Однозначным было то, что маленькая чашка настоящего божественного напитка, употребляемая даже раз в неделю, была для неё гораздо желаннее, чем ежедневные литры вонючего заменителя, осаживающегося на языке кислой оскоминой. Мало того, процесс поглощения свежесваренного кофе, так же как и приготовления такового, был для неё своего рода ритуалом, понятным только людям с высокой организацией интеллекта. Перехватывание глотков и кусков на ходу являлось для неё несусветной дикостью доисторического человека, жевавшего, где получится и когда получится.
Себя Евдокимова, безо всякого сомнения, относила к тем, кто может отличить чёрное от белого и выбрать только самое лучшее. Тонкая, китайского фарфора чашка казалась почти прозрачной, чётко вырисовывая на просвет уровень напитка. Белоснежный фон чашки и тонкая золотая окантовка выгодно подчёркивали плавный рельеф и благородную форму посуды. Мизинец правой руки был слегка отставлен в сторону, что само по себе должно было символизировать аристократическую сущность человека, наслаждавшегося столь изысканным лакомством.
Евдокимова попивала кофе и задумчиво смотрела в окно. Положительно, с тех самых пор, как ей пришлось уволиться из школы, жизнь потекла более размеренно, но, если уж быть совсем откровенной, и более скучно. По своей натуре она была человеком действенным и деловым, не мыслящим своё существование без власти над людьми. Теперь она чувствовала себя не только несправедливо обиженной и униженной, но и оторванной от жизни. Помнится, она когда-то говорила, что будет счастлива, когда наконец можно будет, никуда не торопясь, встав утром, выпить на кухне чашку ароматного кофе. Такое время наступило, но оно совсем не обрадовало её, скорее наоборот — вызвало волну горького разочарования. Ужасно было не то, что её уволили, и даже не то, по какой статье ей пришлось покинуть место работы. Обидно было чувствовать, что ты уже не участвуешь в гуще событий, а находишься где-то поодаль, всеми забытая и никому не нужная. Конечно, она была вполне адекватным и здравым человеком, и ей никогда не могло прийти в голову, что все, кто ходил к ней на поклон, забрасывая подарками и цветами, делали это от души. Конечно, нет; каждый преследовал свою цель, это понятно и объяснимо, но за три недели, что она была не у дел, в доме не раздалось даже десятка телефонных звонков, те же, кто попадал к ней, чаще всего ошибались номером и, извинившись, вешали трубку.
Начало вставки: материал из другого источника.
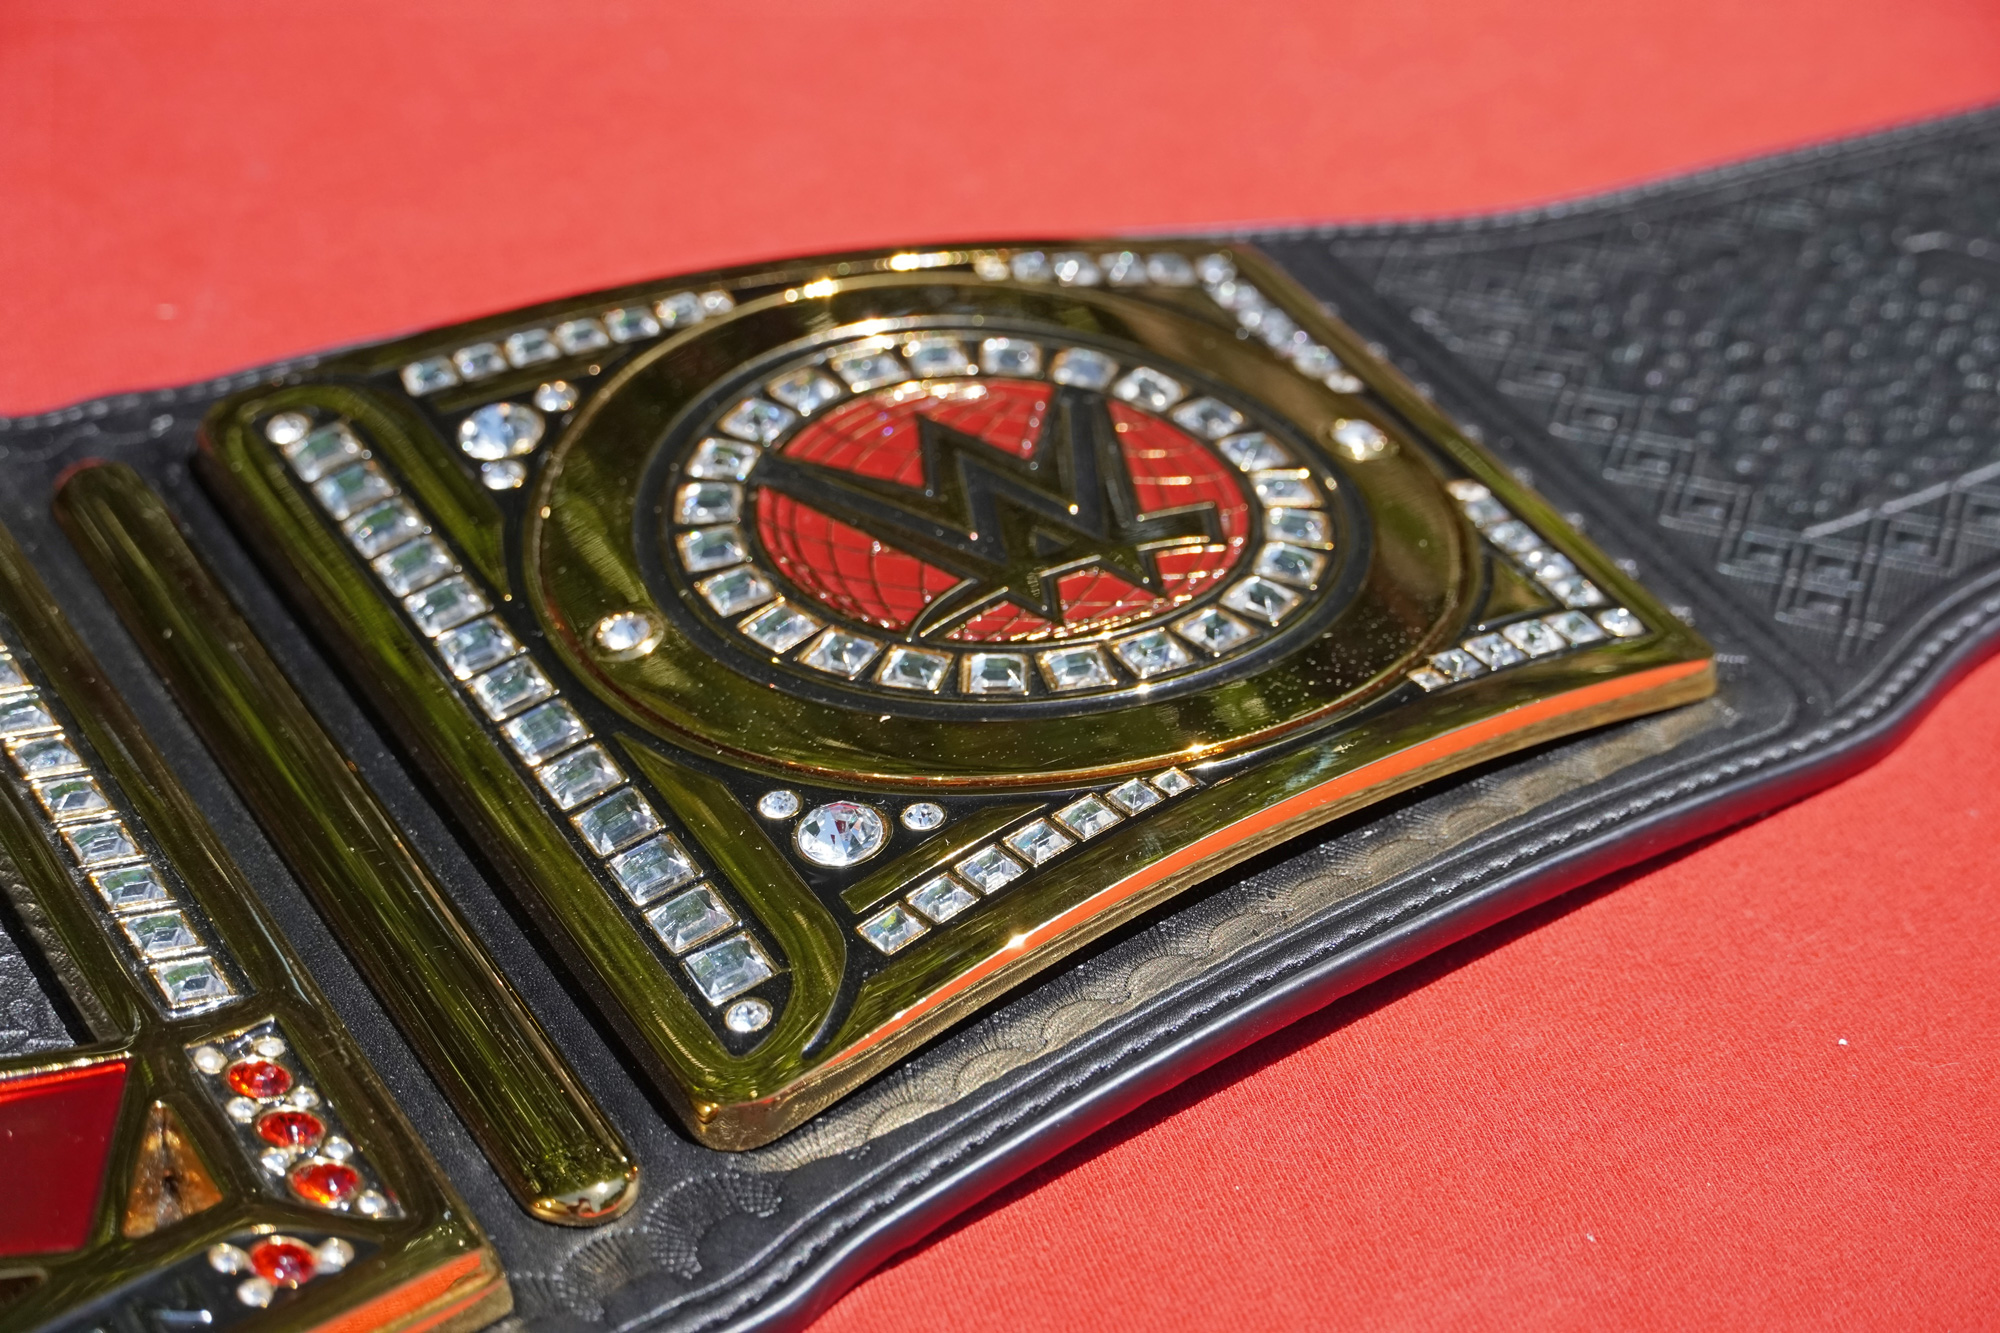 new wwe world heavyweight championship belt design

— А я-то, глупая, думала, что незаменима, что стоит мне только уйти, как привычный ритм школы рухнет, похоронив под своими обломками всех моих обидчиков, — горько проговорила она. — Я-то думала, что я — главный винтик в этом механизме, что, не стань меня, им придётся туго. Ошиблась, надо полагать. Как известно, незаменимых нет.
Часы на стенке буркнули, перекинув стрелки через очередной минутный рубеж.
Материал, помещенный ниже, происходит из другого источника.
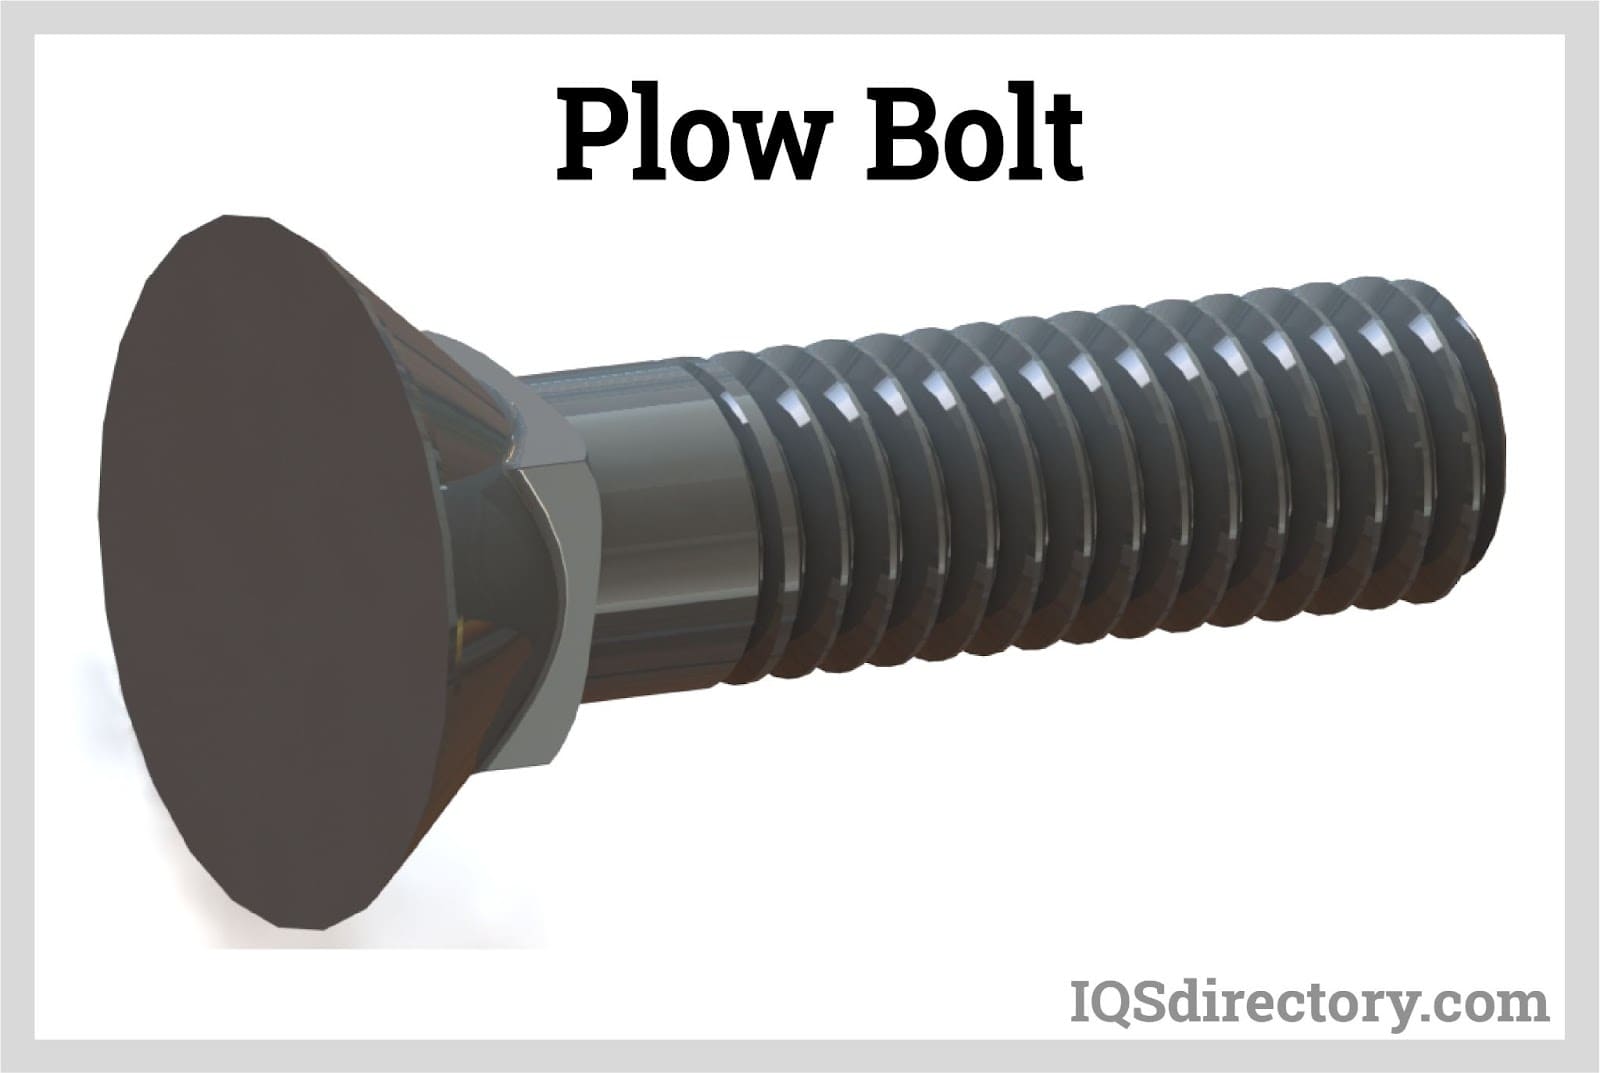 Plow Bolt

— Глупо всё вышло, теперь хоть локти кусай, а ничего уже не поправить, — вздохнула она, ставя пустую чашку на кухонный стол. — А ларчик просто открывался: внучке этой шишки на ровном месте, Анастасии Аркадьевны, скоро исполнится год, а родилась она на операционном столе у этого докторишки, Вороновского. Не знала я этого, не знала. Ловко же он подсуетился, а главное, вовремя. Что ж, долг платежом красен. Только пусть теперь исусика из себя не строит. А то раскроет наивные глаза, посмотрите, мол, какой я святой, весь из себя правильный. На самом деле — такой же, как и все остальные. Когда нужно, знает, на какую кнопку нажимать.
Часы, зацепившись стрелками, ржаво скрипнули.
— Вот гадость какая, — недовольно пробубнила Евдокимова, вставая поправить циферблат.
Часы были действительно очень старыми, и давно пора было выбросить их на помойку, тем более что в пакете на антресолях пылились новые, подаренные любимыми коллегами по случаю выхода на заслуженный отдых. Но их Евдокимова невзлюбила с самой первой минуты, как они попали к ней в руки. Вспоминая, как её поздравляли коллеги, пряча улыбку облегчения за серьёзными выражениями лиц и радуясь от души её уходу, их фальшивые внимательные глаза, Евдокимова приходила в состояние полной взвинченности. Да провались они все вместе с их подарками и речами!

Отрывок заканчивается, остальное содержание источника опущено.